Les courriers du Fiva donnent le nom du régleur qui suit le dossier, son numéro de téléphone, ainsi que la tranche horaire où on peut l’appeler (de 14 heures à 16 heures). Mais, quand on téléphone, il n’y a souvent personne au bout du fil, et l’on entend un message informant que le Fiva a plusieurs mois de retard sur les dossiers. Beaucoup de courriers et de mails restent sans réponse.
« C’est un formidable gaspillage de temps et d’énergie pour les bénévoles et la salariée de notre association, explique Henri Boumandil, secrétaire de l’Addeva 93. Ce n’est pas la faute des régleurs qui s’occupent des dossiers. Nous avons de bons rapports avec la très grande majorité d’entre eux. Nous savons qu’ils sont débordés. Ils préfèreraient que les choses se passent autrement, mais ils sont, eux aussi, victimes de cette situation. »

Zahra Aouchiche, qui s’occupe des dossiers Fiva pour le cabinet Ledoux confirme ce constat : « Nous constatons un retard significatif pour environ 40% des dossiers Fiva dont nous assurons le suivi. Les retards varient selon le type de dossier : pour des cancers de la plèvre ou du poumon, il arrive encore aujourd’hui que le dossier soit traité en quelques mois. Pour les plaques pleurales nous avons couramment 6 à 8 mois de retard. Pour les préjudices complémentaires des ayants droit, on peut atteindre jusqu’à deux années de retard. »

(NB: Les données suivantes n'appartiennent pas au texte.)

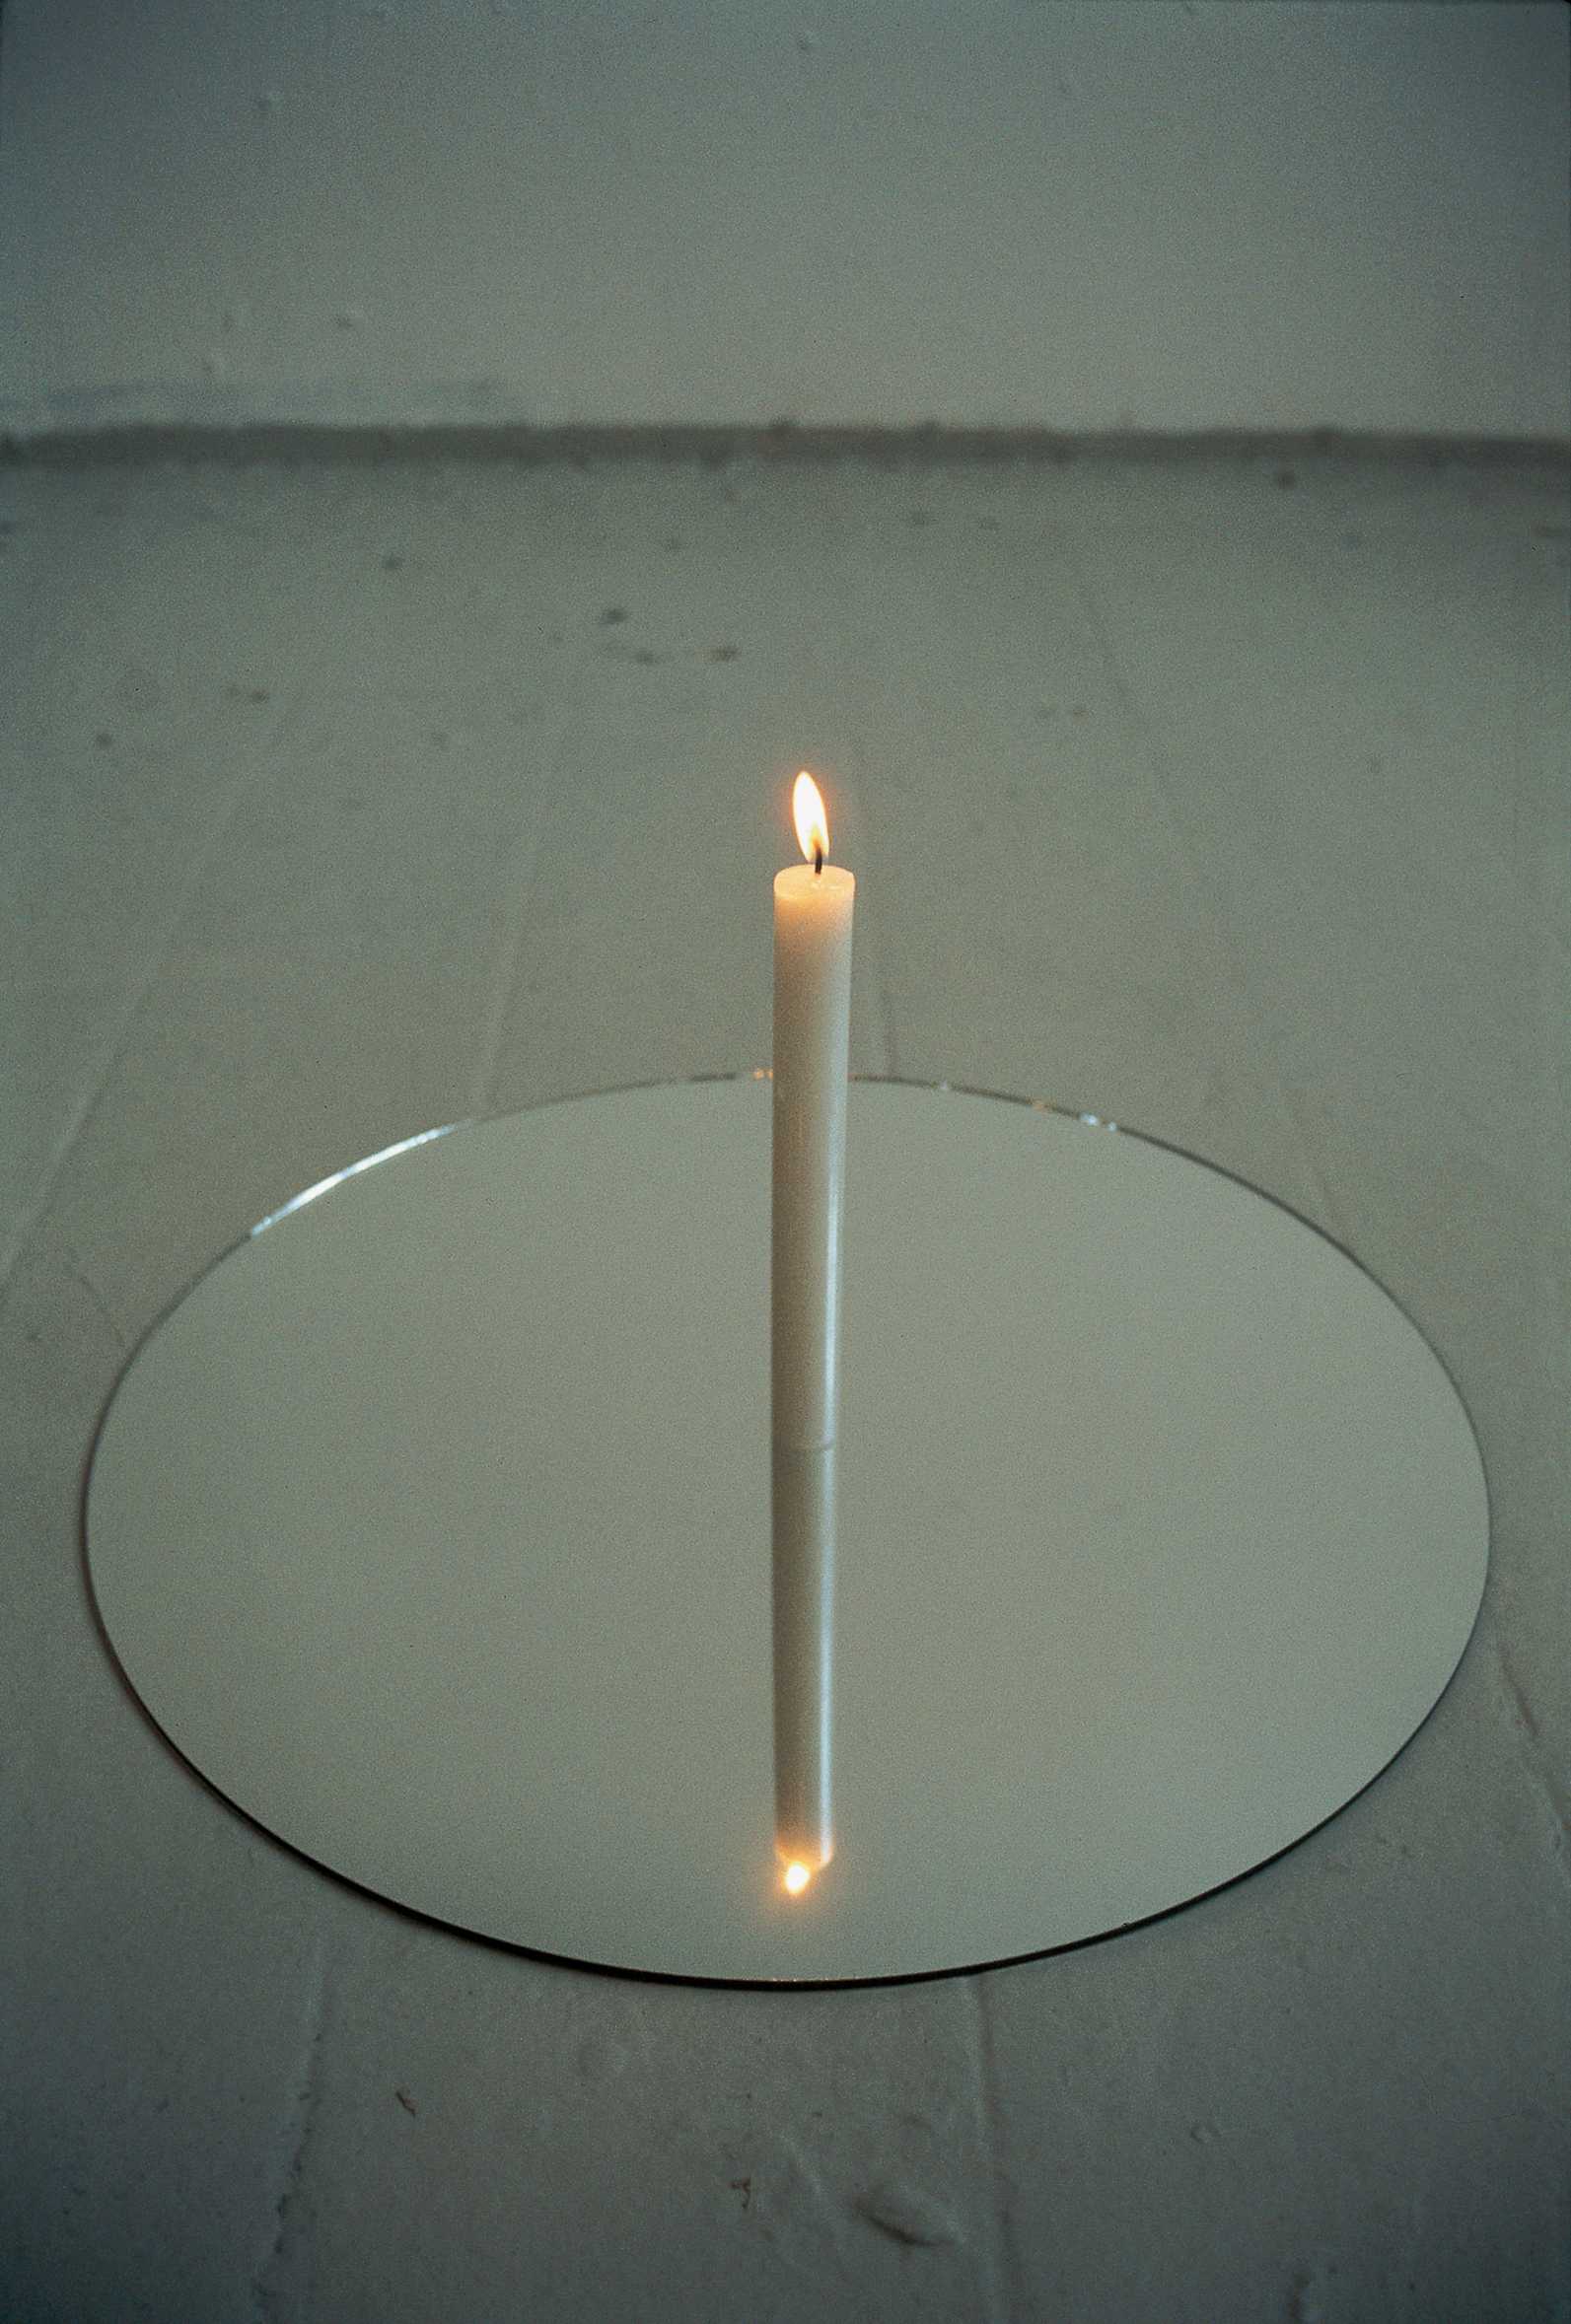 Olafur Eliasson, Exhibition, Tate Modern, London: 11 July 2019 - 5 January 2020
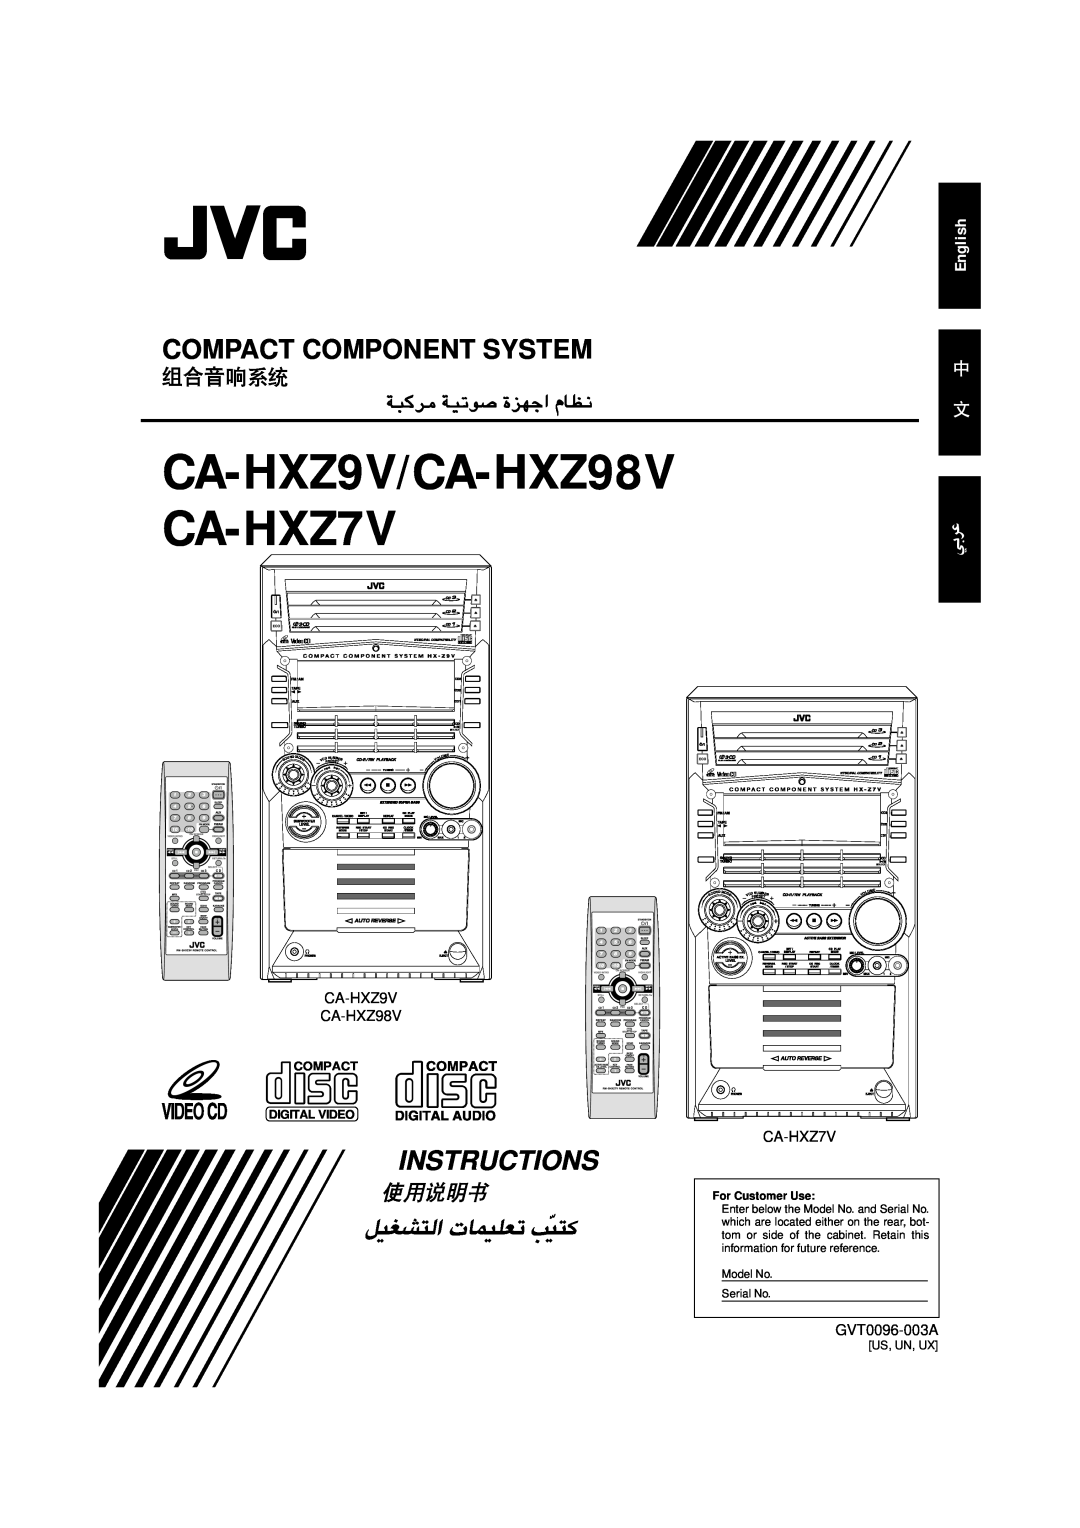 JVC manual English, CA-HXZ9V/CA-HXZ98V CA-HXZ7V, Compact Component System, Instructions, CA-HXZ9V CA-HXZ98V, Mode, Soun

« Nous nous sommes battus au conseil d’administration pour sortir de cette impasse, explique Michel Parigot, représentant de l’Andeva au CA du Fiva. Nous avons obtenu un certain nombre de résultats suite à notre refus de voter le budget en l’état : trois postes supplémentaires ont été créés ainsi que deux contrats à durée déterminée. Mais ces mesures ne porteront pas leurs fruits immédiatement, car le personnel recruté doit être formé et acquérir de l’expérience. Le Fiva a également décidé de sous-traiter une partie de la charge de travail des régleurs (la rédaction des conclusions pour les contentieux), afin qu’ils aient davantage de temps pour se consacrer à l’instruction des dossiers. Mais le nombre de demandes continue à progresser très rapidement. Ces mesures ne suffiront sans doute pas à redresser la situation. »

« La colère monte, dit Monique Nowak. L’Ardeva Sud-Est a décidé d’envoyer une pétition à signer à ses adhérents. Elle sera adressée au Fiva et surtout aux pouvoirs publics : ils doivent prendre la mesure de la gravité de cette situation. »


QUELQUES CHIFFRES QUI PARLENT

Nombre de demandes :
- de juin 2006 à juin 2007 : 22 681
- en moyenne par mois : 1890

Nombre d’offres présentées :
- de juin 2005 à mai 2006 : 11 112
- de juin 2006 à juin 2007 : 14 301

Dépenses d’indemnisation (en millions d’euros) :
- de juin 2005 à mai 2006 : 330, 2
- de juin 2006 à juin 2007 : 375, 3

Depuis le début de son activité et jusqu’au 31 mai 2007, le FIVA a versé 1,436 milliard d’euros à l’ensemble des demandeurs.